I live in the wrong place. I feel like a spy behind enemy lines and I hope that no one notices when I'm out in public lest they turn and point at me and start screeching. You see, I'm a fairly liberal democratic atheist and I live in Muskogee, Oklahoma. For those of you not "from around here" allow me to explain.
When you meet someone for the first time they ask not "How are you today?" or "How are you feeling?" but more often they ask "What Church do you go to?" and on one occasion "So, were you raised in the Church?". Fortunately we're friends with a pretty hip
Reverend at a church here and I do sometimes attend to make the wife and mother-in-law happy so I have some level of plausible deniability about my church attendance.

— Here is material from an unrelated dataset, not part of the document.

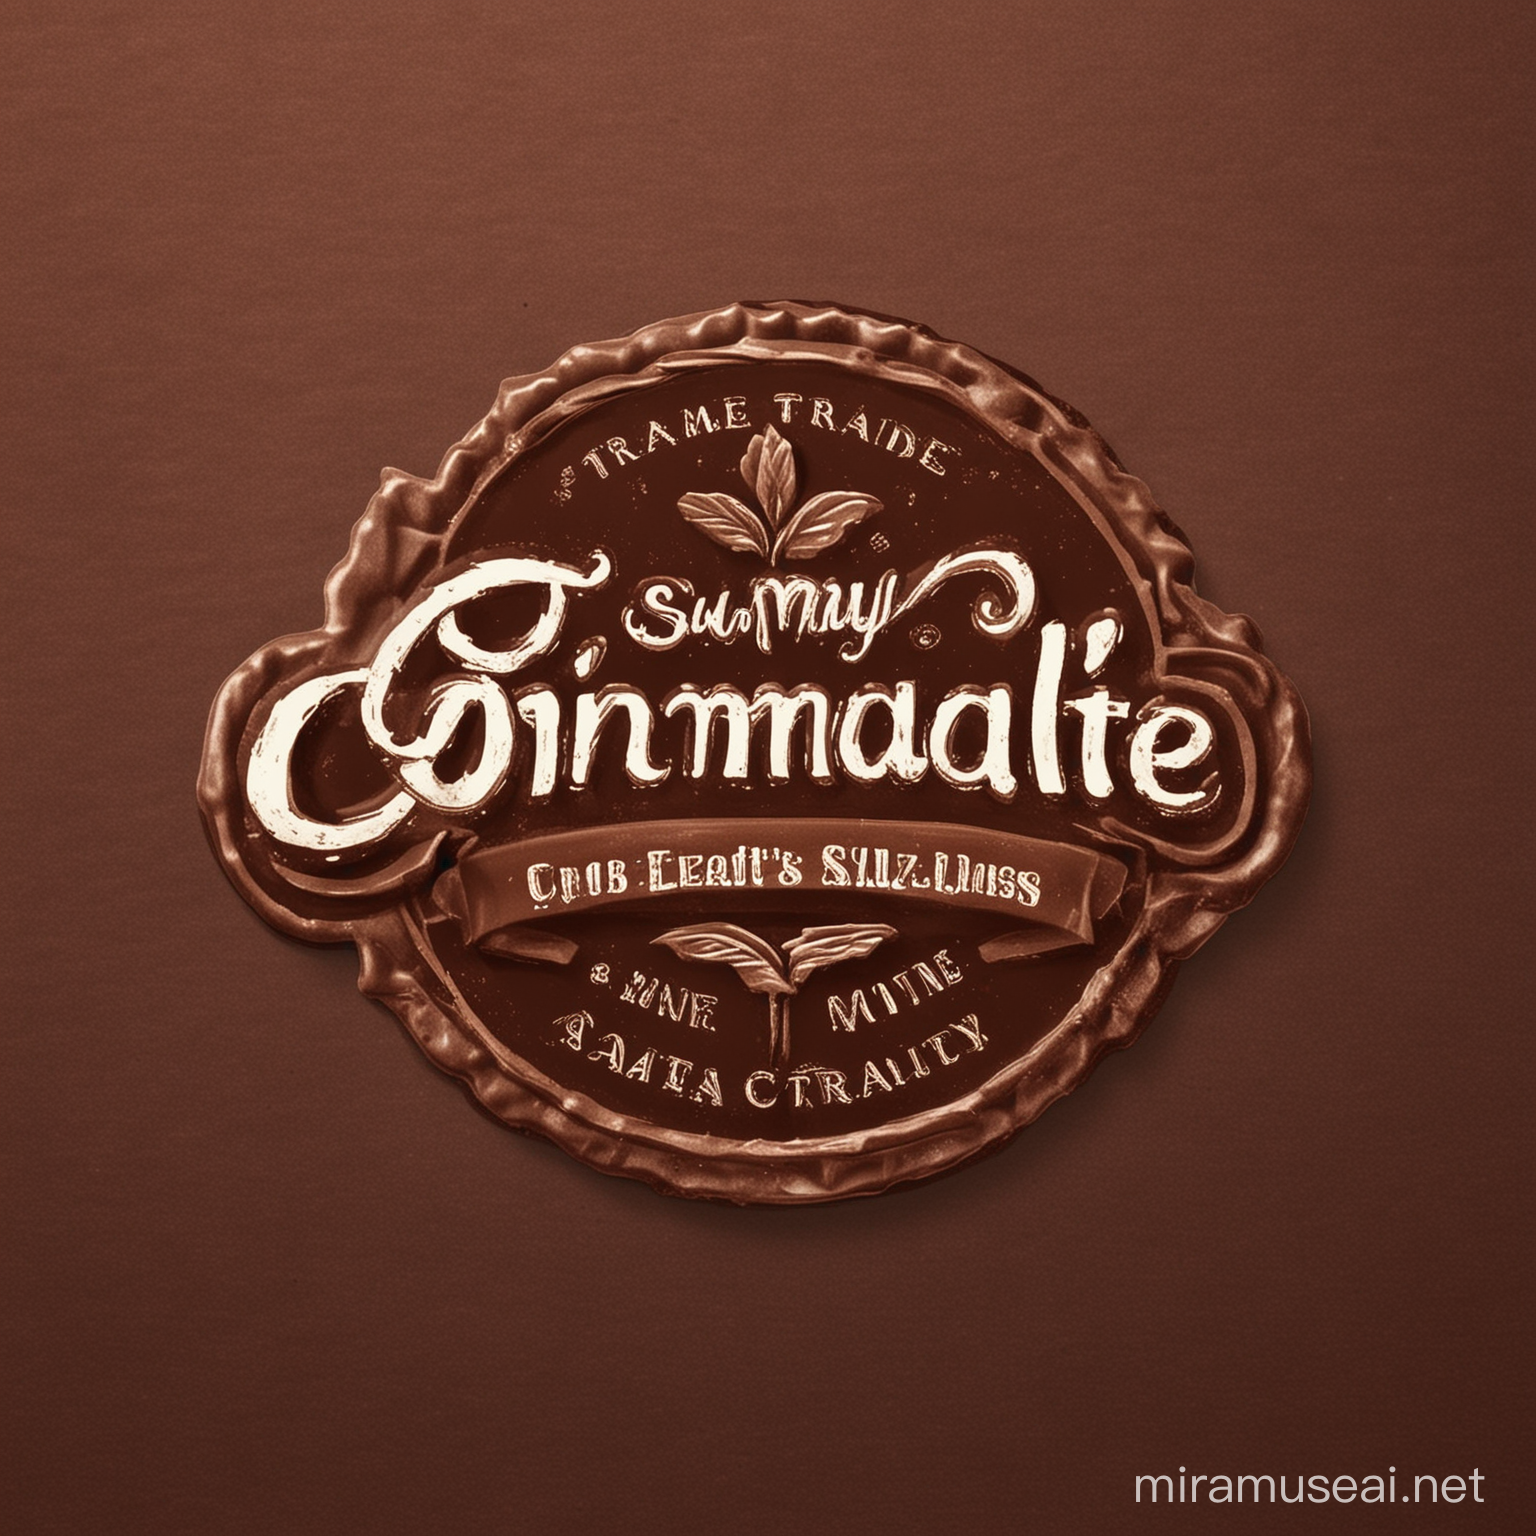 make a logo for my own company yummy chocolate that is eco and fair traide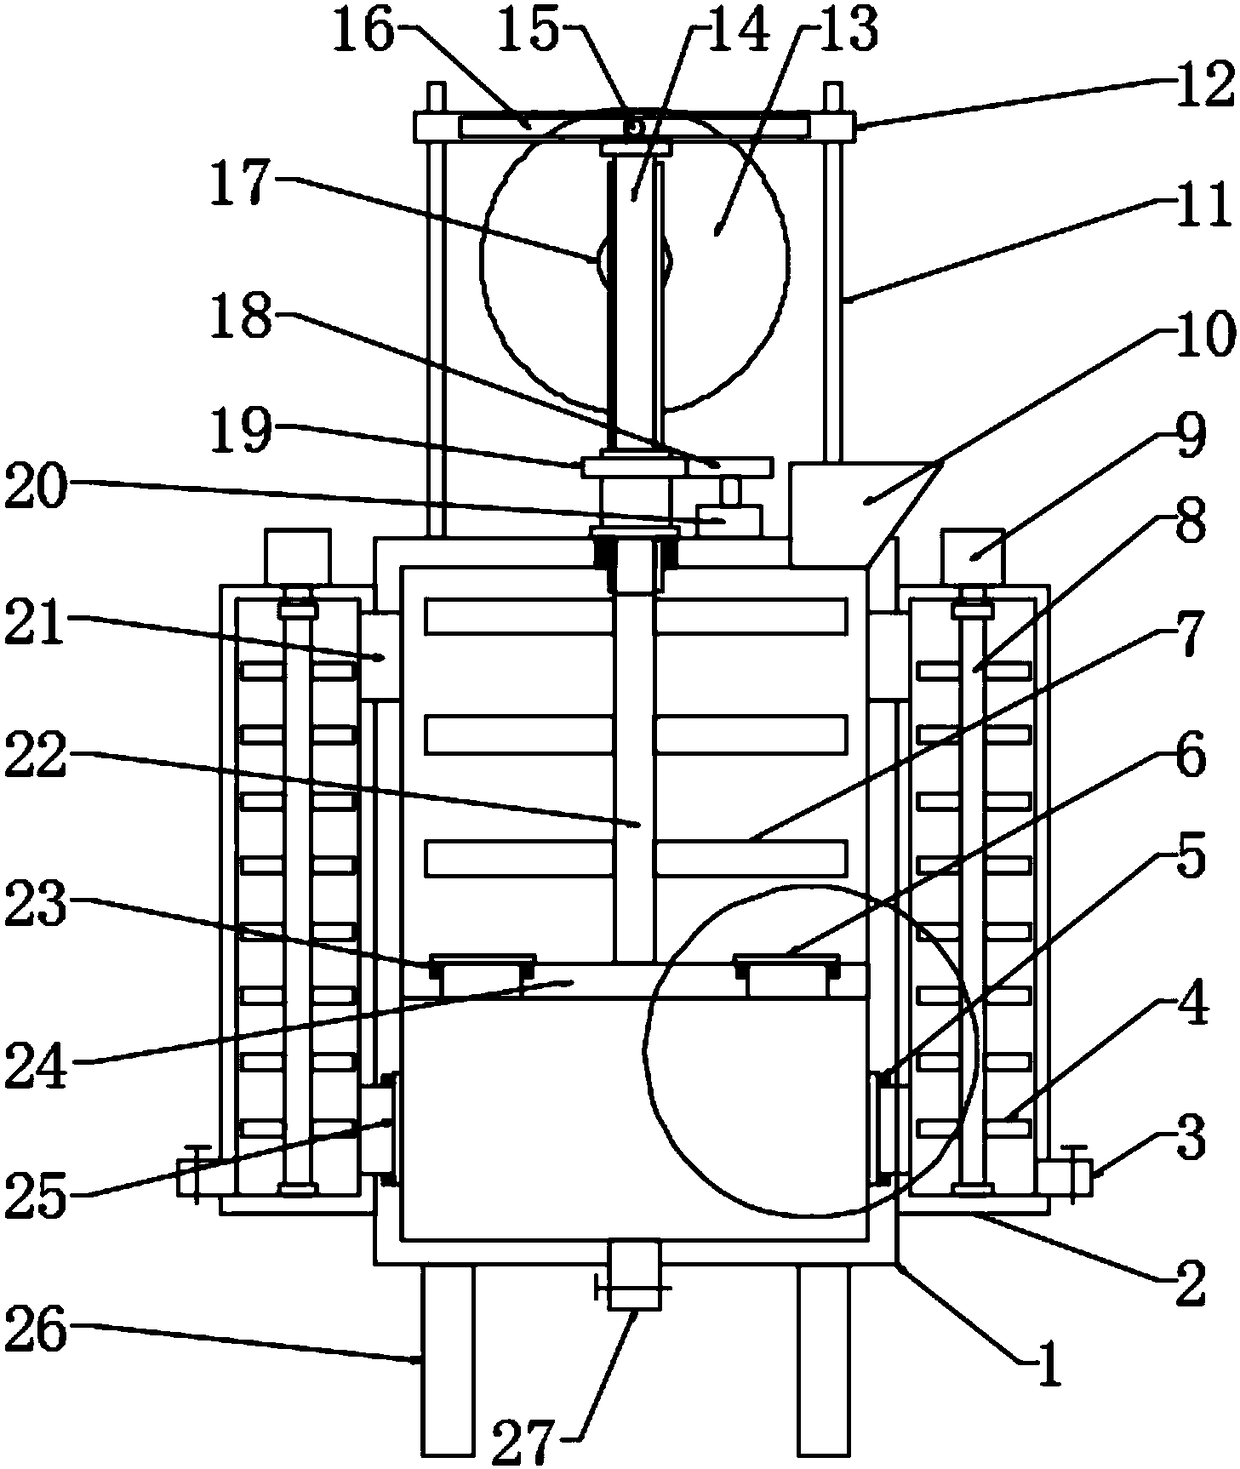 Circulating type paint mixing device for producing petroleum pipeline

The other thing that has me worried recently is related to Oklahoma state representative Sally Kerns' most recent paranoid speeches against the "homosexual agenda" (whatever that is). The thing that really scares me about the whole situation is not that a federally elected representative could think some of the things that she does (like that early childhood education is a tool for the homosexuals to indoctrinate our children) and its not that she hasn't been called on to resign for practicing paranoid hate speech hidden behind a shield of religion. No, what really scares me is the fact that the majority of people in this state seem to agree with her from the polls that I find. I think that there's the distinct possibility that she really is a good representative of the people of Oklahoma. When driving home from work last week I passed a car parked outside of the liquor store in our neighborhood and written in soap on the rear window instead of "Go Roughers!" it said, "Amen Sally Kern".
Please send help.
Of course, there's also the possibility that along with some other infamous outspoken Republicans against homosexuality that she is as gay as drag queen bingo during pride week.